Information Filtering in TREC-9 and TDT-3: A Comparative Analysis

  • Authors:
  • Thomas Galen Ault;Yiming Yang

  • Affiliations:
  • Language Technologies Institute, Carnegie Mellon University. tomault@cs.cmu.edu;Language Technologies Institute, Carnegie Mellon University. yiming@cs.cmu.edu

  • Venue:
  • Information Retrieval
  • Year:
  • 2002

Quantified Score

Hi-index 0.00

Visualization

Abstract

Much work on automated information filtering has been done in the TREC and TDT domains, but differences in corpora, the nature of TREC topics vs. TDT events, the constraints imposed on training and testing, and the choices of performance measures confound any meaningful comparison between these domains. We attempt to bridge the gap between them by evaluating the performance of the k-nearest-neighbor (kNN) classification system on the corpus and categories from one domain using the constraints of the other.

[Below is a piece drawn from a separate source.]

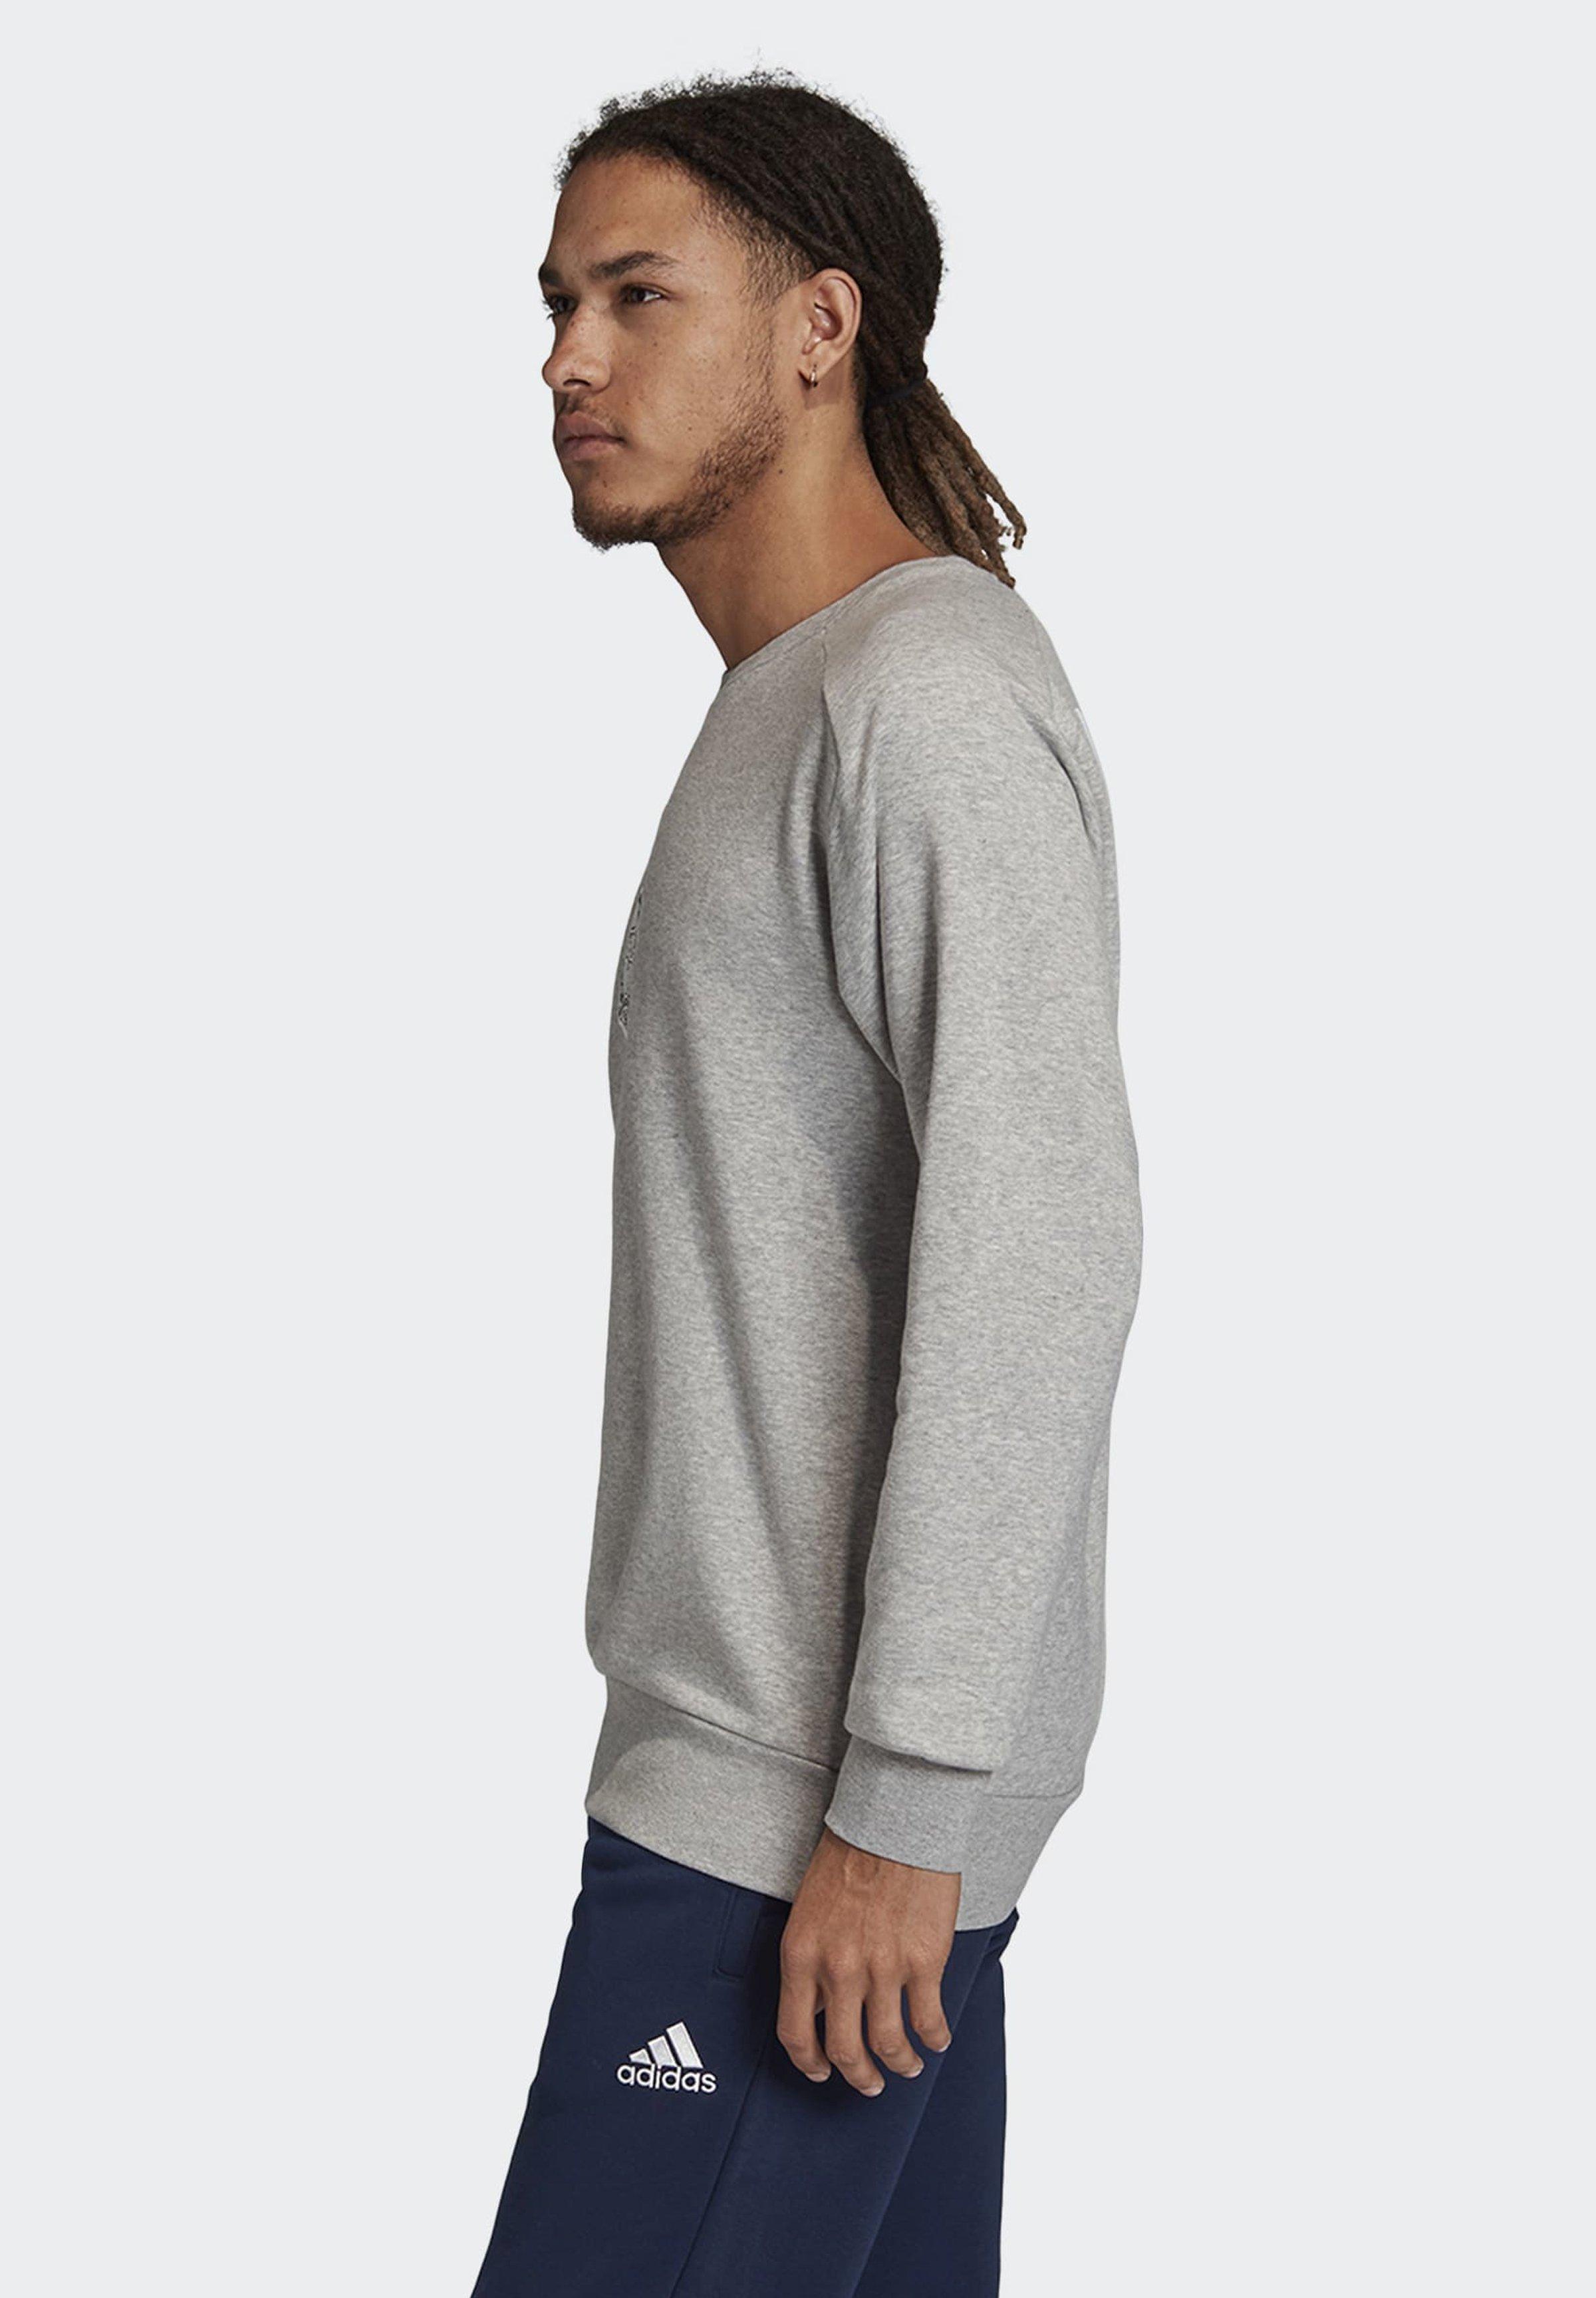 Adidas Performance Spain Seasonal Special Crew Sweatshirt - Grey

To maximize comparability and understand the effect of the evaluation metrics specific to each domain, we optimize the performance of kNN separately for the iF1, iT9P (preferred metric for TREC-9) and iCtrk (official metric for TDT-3) metrics. Through a thorough comparison of our within-domain and cross-domain results, our results demonstrate that the corpus used for TREC-9 is more challenging for an information filtering system than the TDT-3 corpus and strongly suggest that the TDT-3 event tracking task itself is more difficult than the TREC batch filtering task. We also show that optimizing performance in TREC-9 and TDT-3 tends to result in systems with different performance characteristics, confounding any meaningful comparison between the two domains, and that iT9P and iCtrk both have properties that make them undesirable as general information filtering metrics.